━━ Data

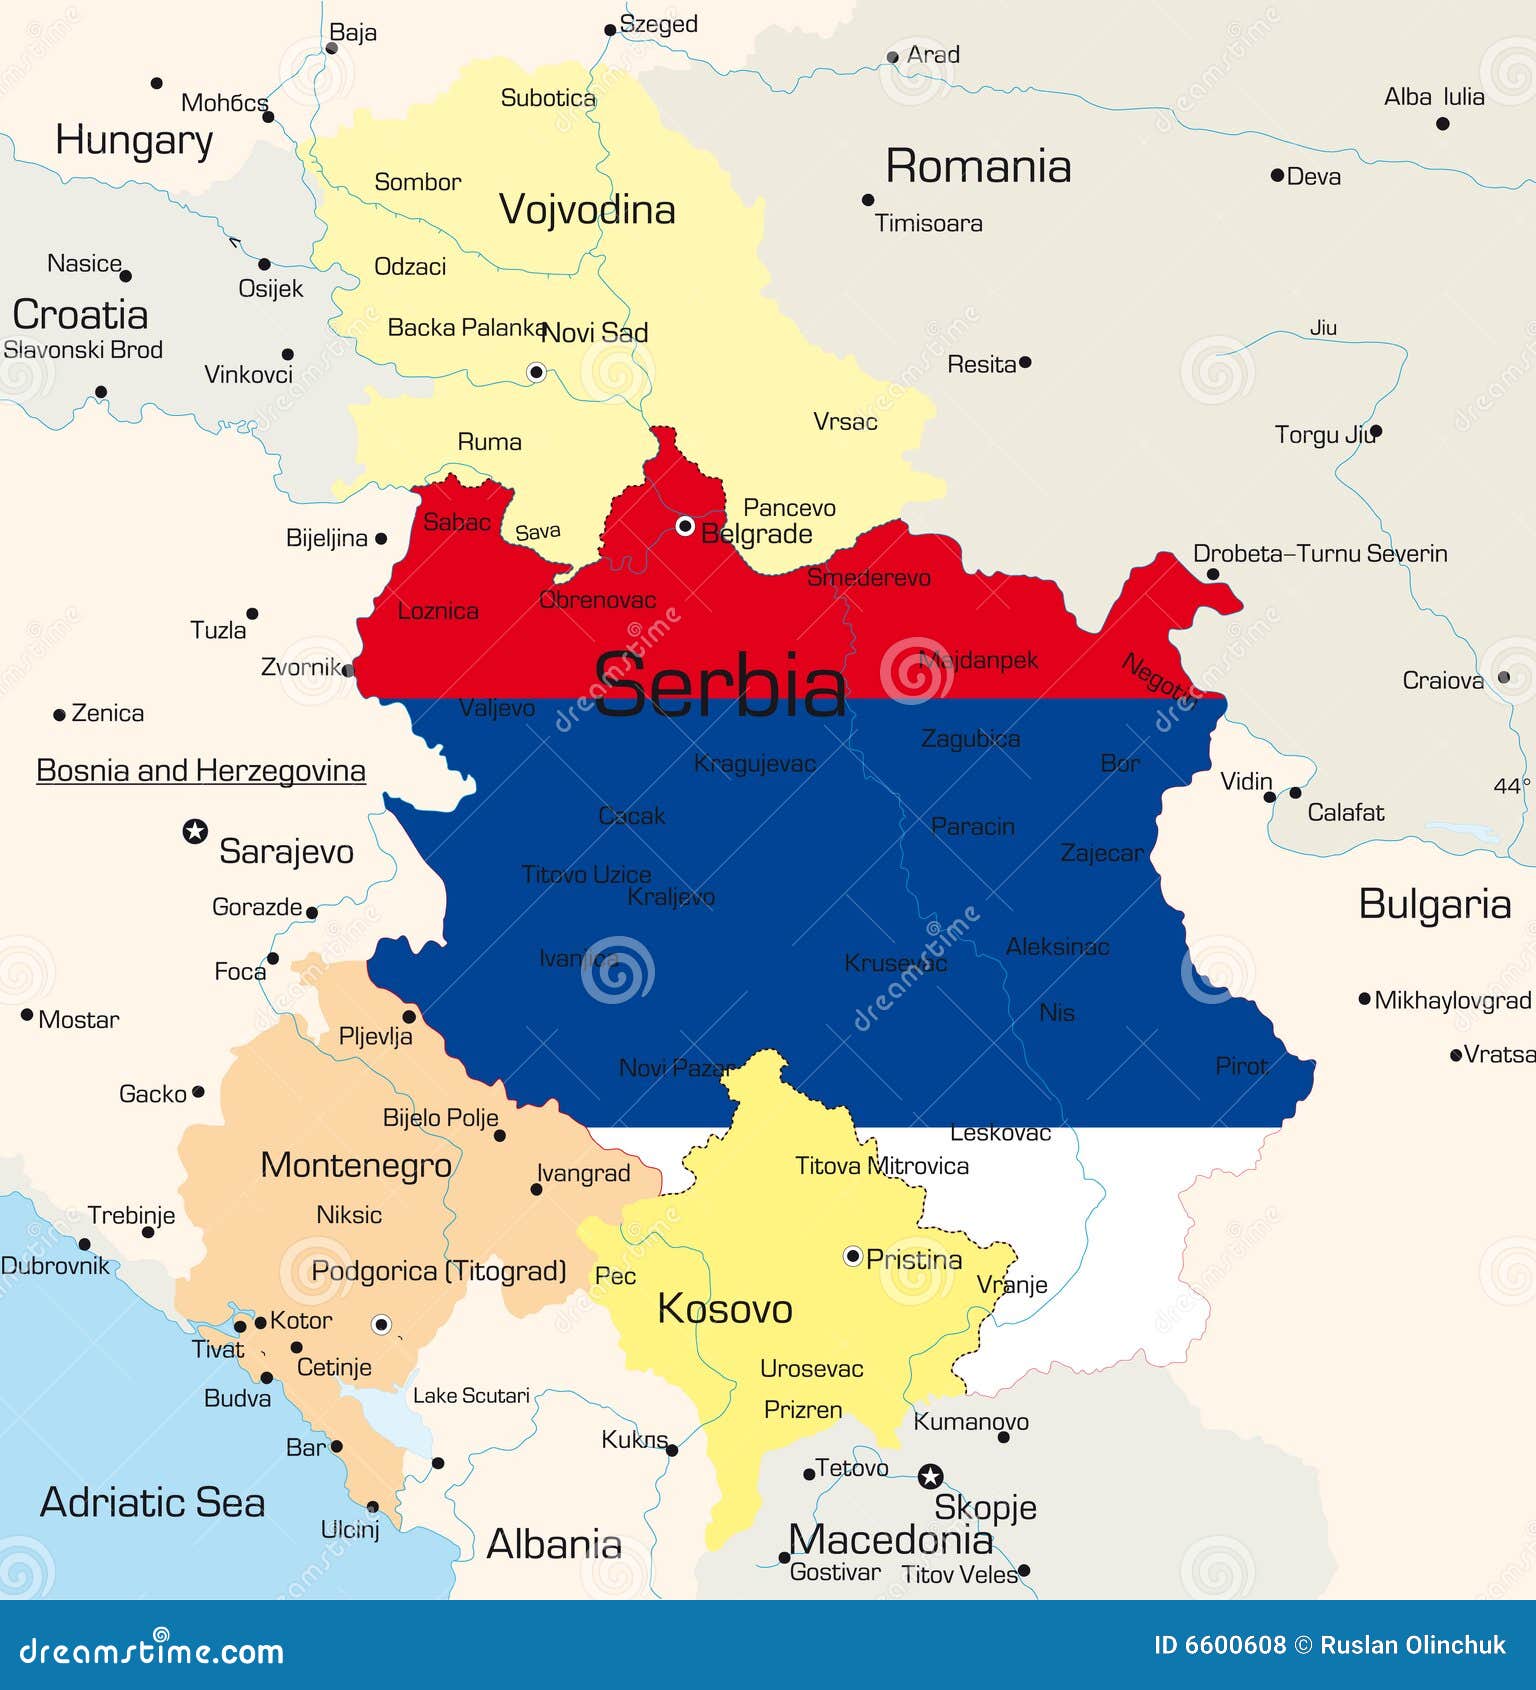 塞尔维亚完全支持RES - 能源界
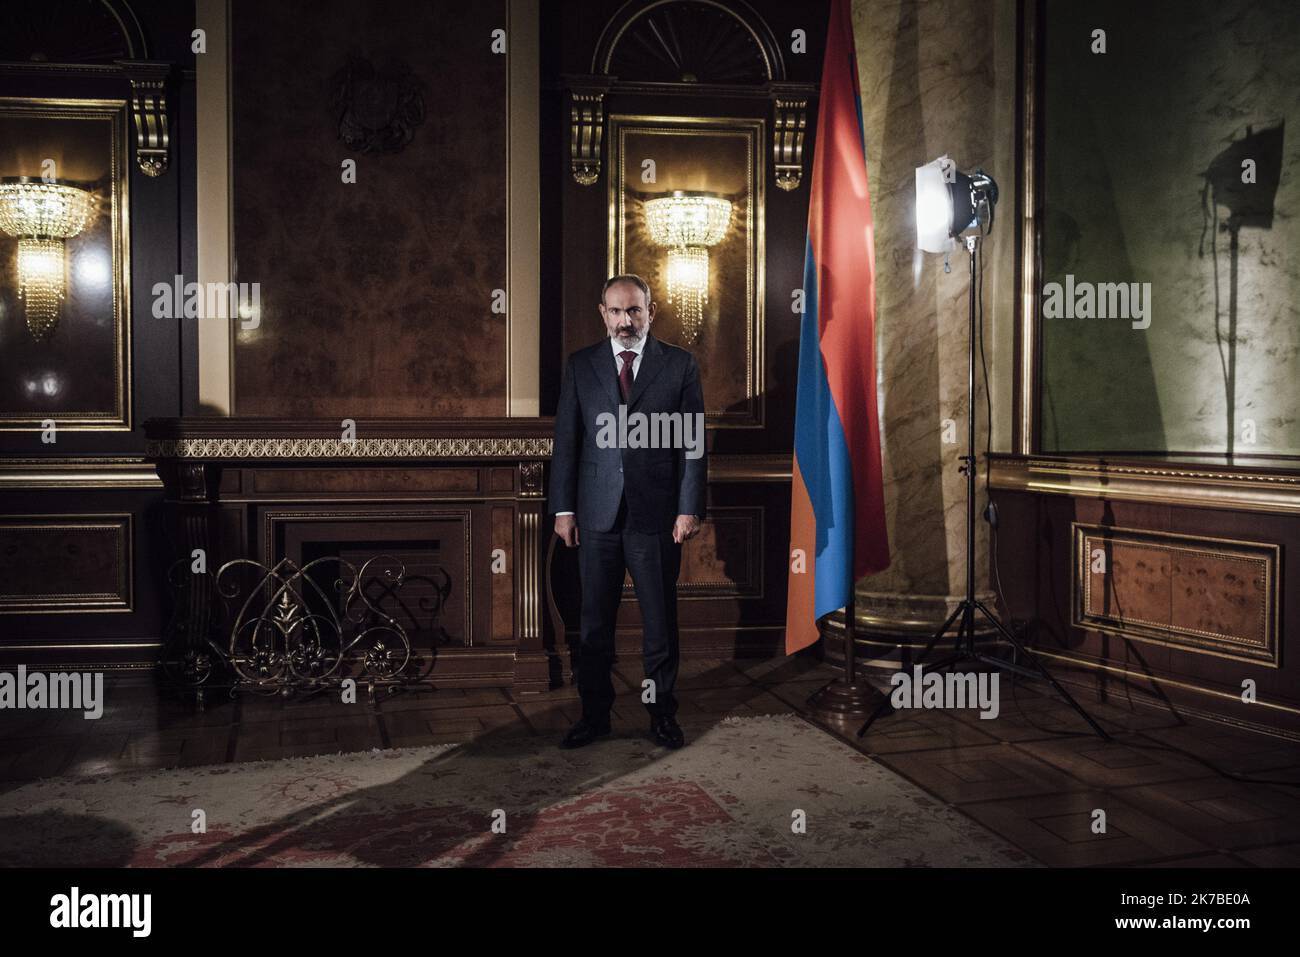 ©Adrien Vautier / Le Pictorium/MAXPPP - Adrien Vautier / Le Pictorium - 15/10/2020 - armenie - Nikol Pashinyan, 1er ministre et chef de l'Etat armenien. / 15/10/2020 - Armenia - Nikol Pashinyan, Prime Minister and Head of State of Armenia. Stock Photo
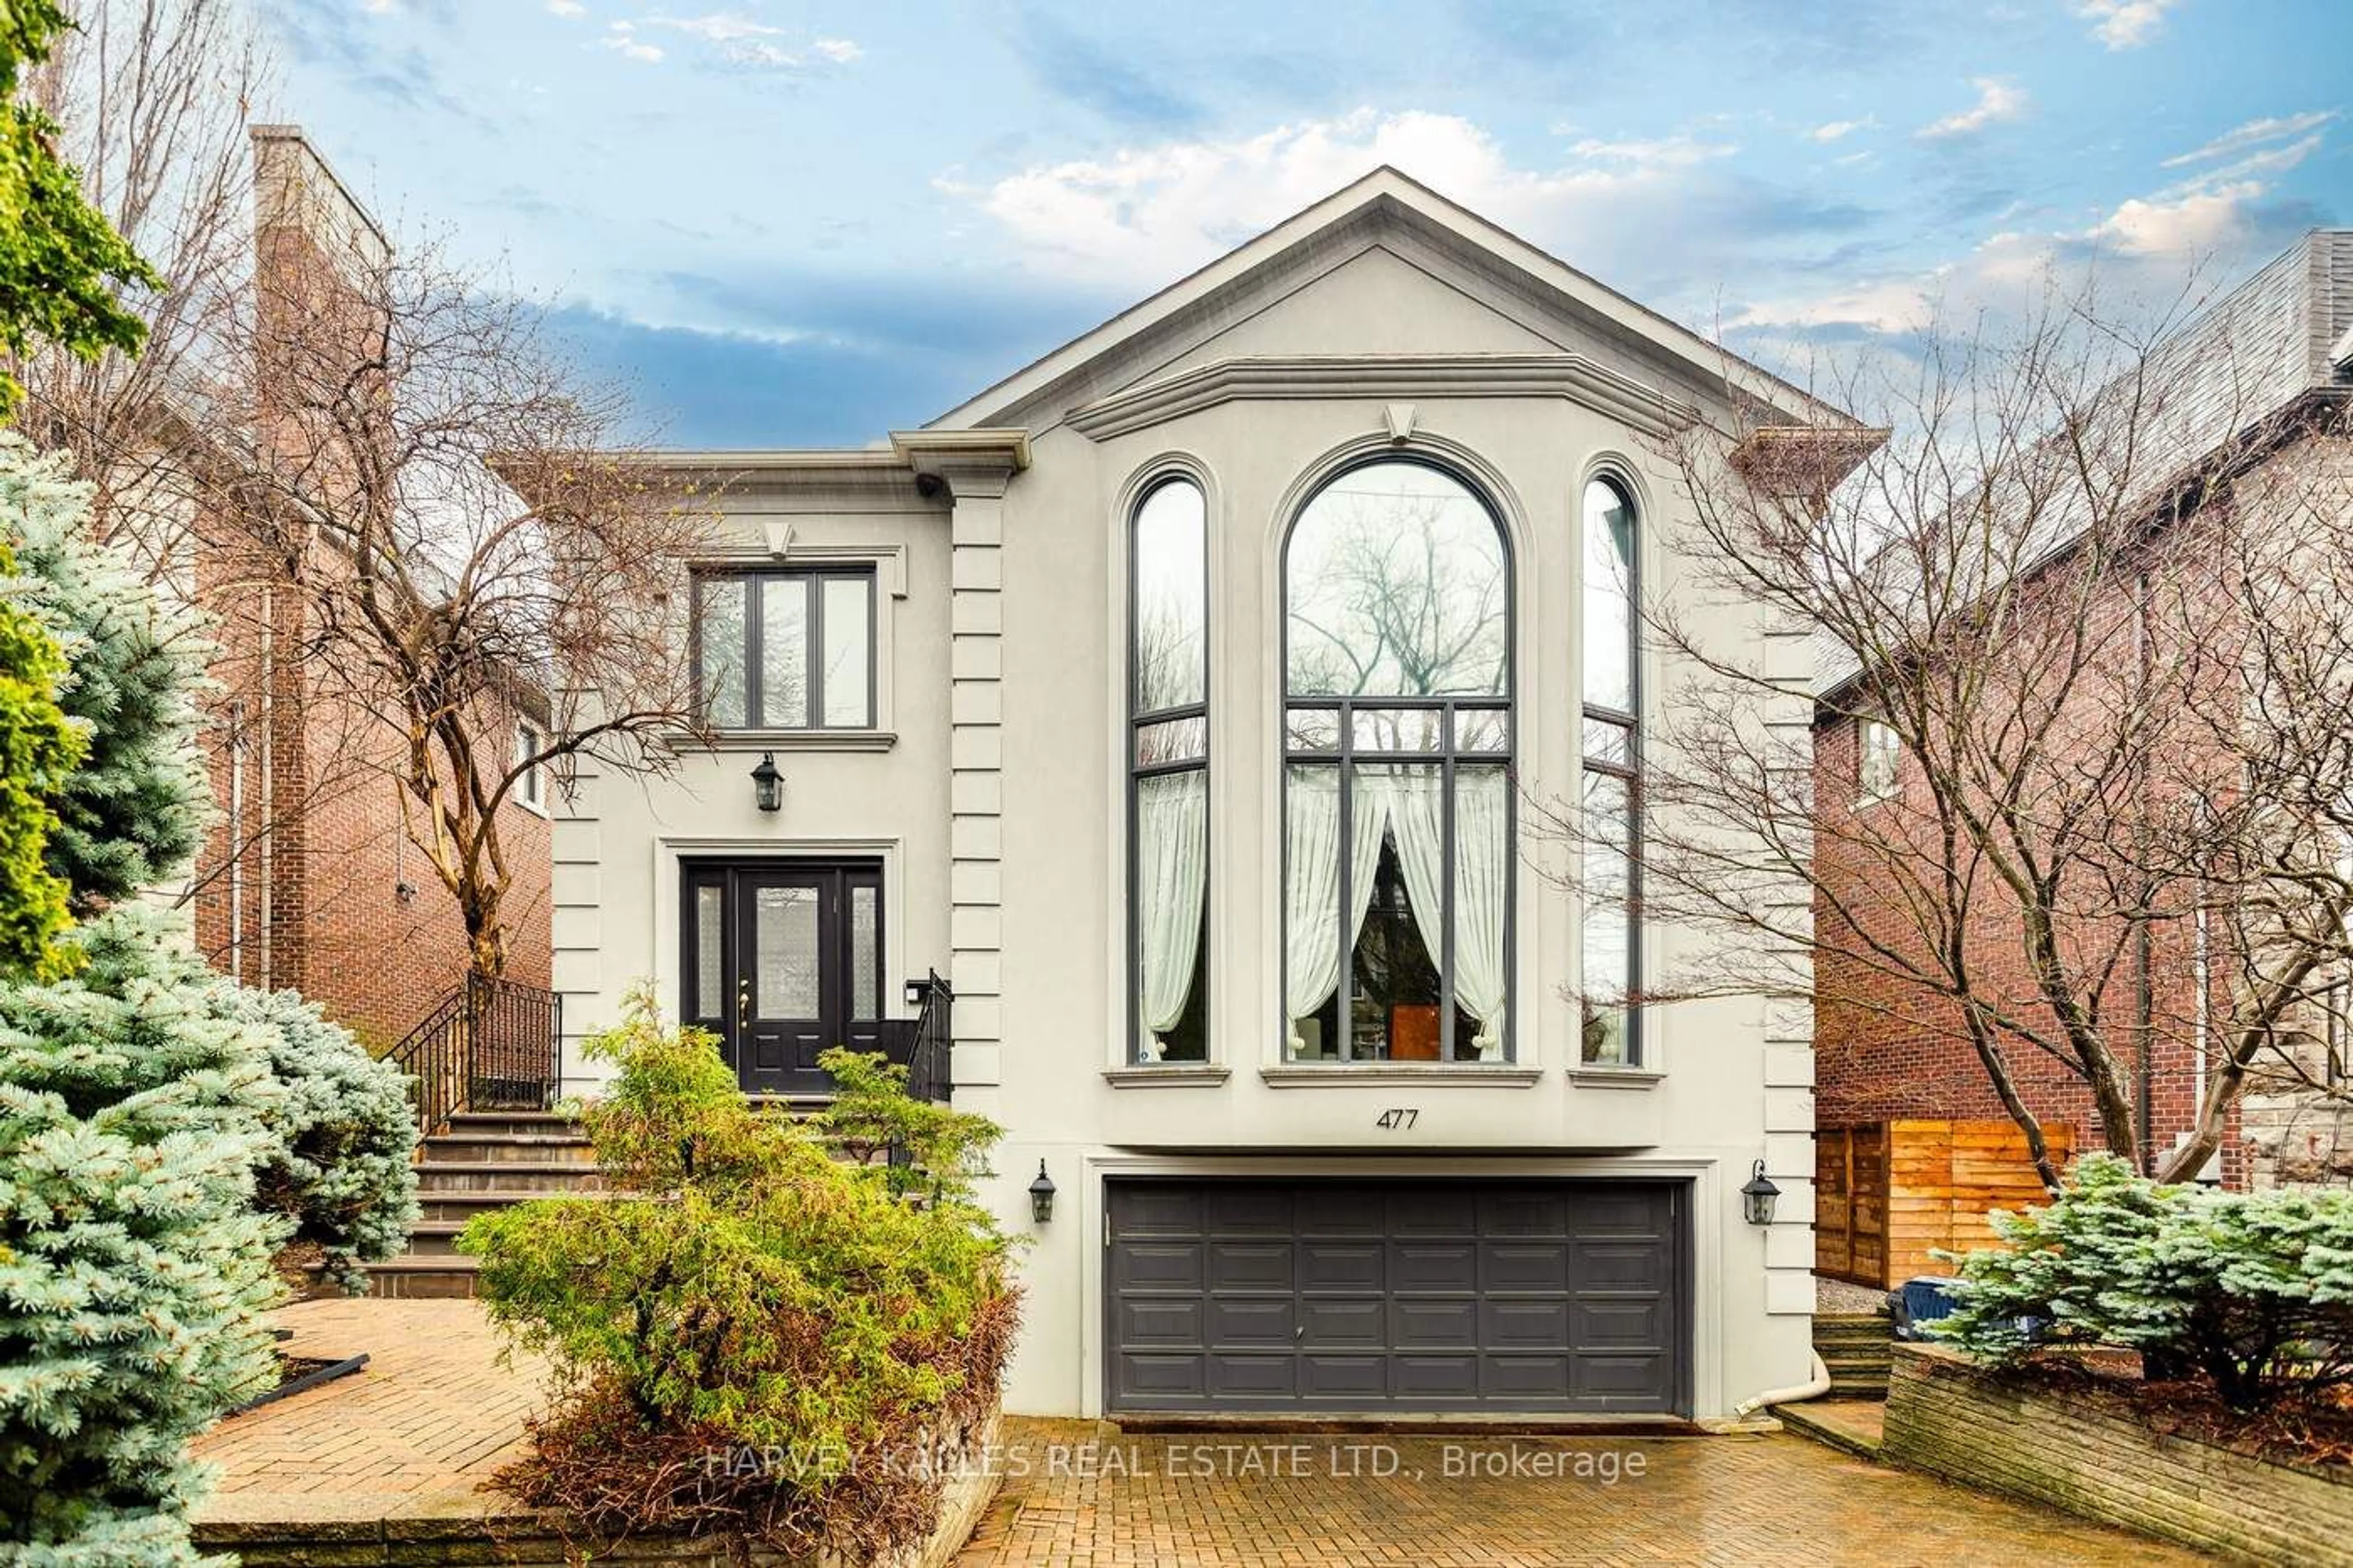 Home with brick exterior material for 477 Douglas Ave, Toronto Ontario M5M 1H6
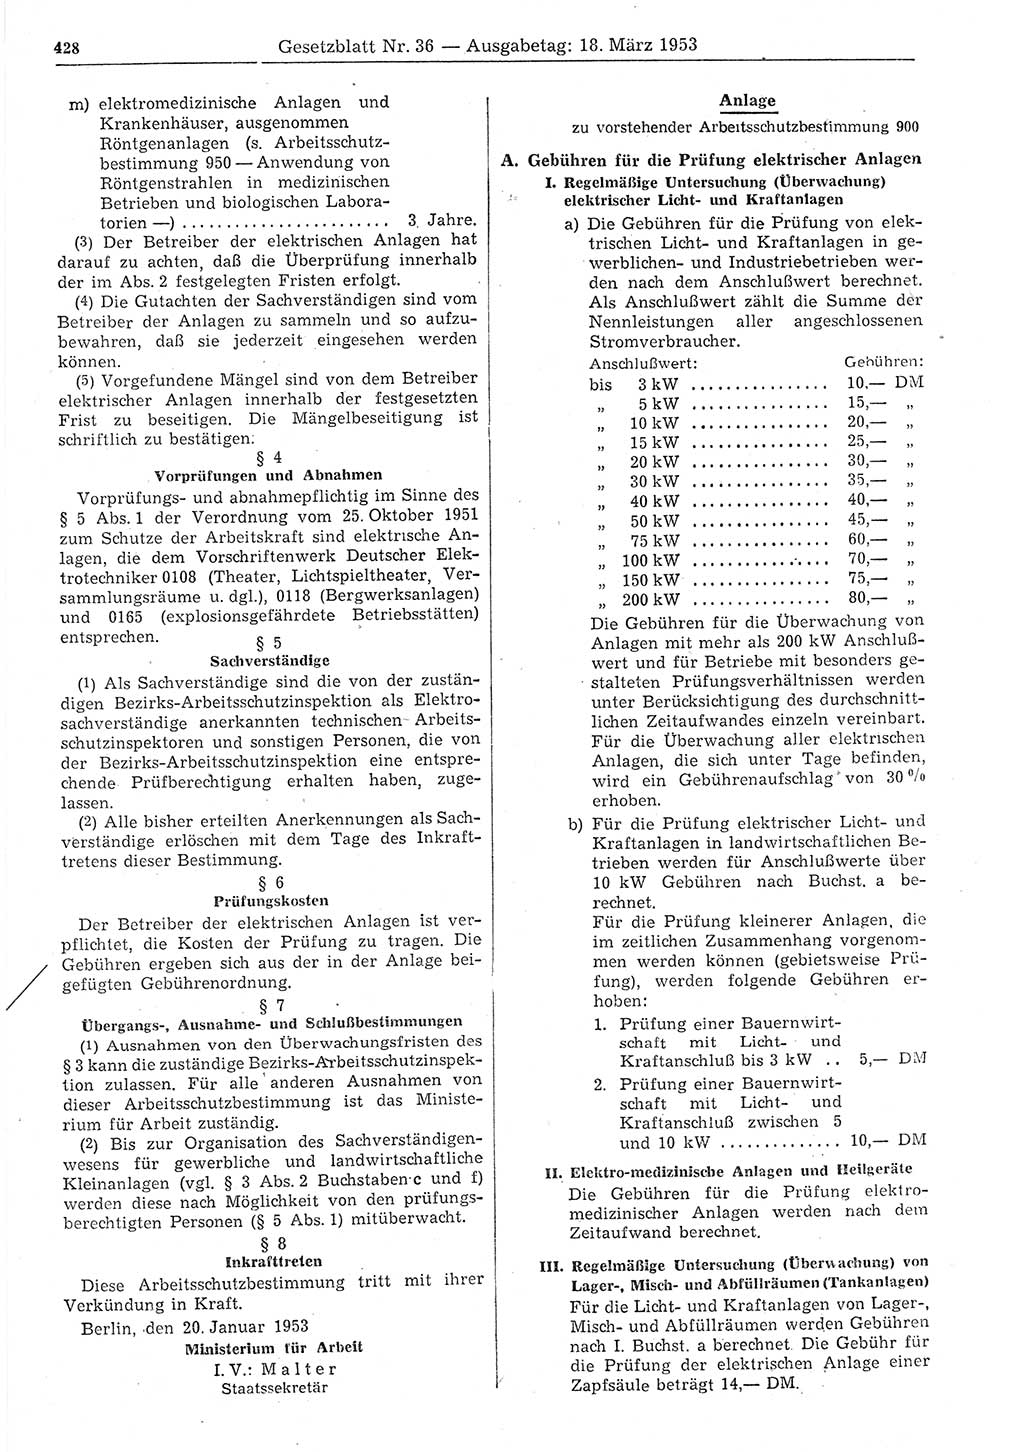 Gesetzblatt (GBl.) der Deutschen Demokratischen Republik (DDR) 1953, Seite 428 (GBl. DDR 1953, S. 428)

━━━━

*Activity*.
Leaving out the pictures, output each line above exactly as it is.

*Response area*.
 塞尔维亚完全支持RES - 能源界
 ©Adrien Vautier / Le Pictorium/MAXPPP - Adrien Vautier / Le Pictorium - 15/10/2020 - armenie - Nikol Pashinyan, 1er ministre et chef de l'Etat armenien. / 15/10/2020 - Armenia - Nikol Pashinyan, Prime Minister and Head of State of Armenia. Stock Photo
 Home with brick exterior material for 477 Douglas Ave, Toronto Ontario M5M 1H6
 Gesetzblatt (GBl.) der Deutschen Demokratischen Republik (DDR) 1953, Seite 428 (GBl. DDR 1953, S. 428)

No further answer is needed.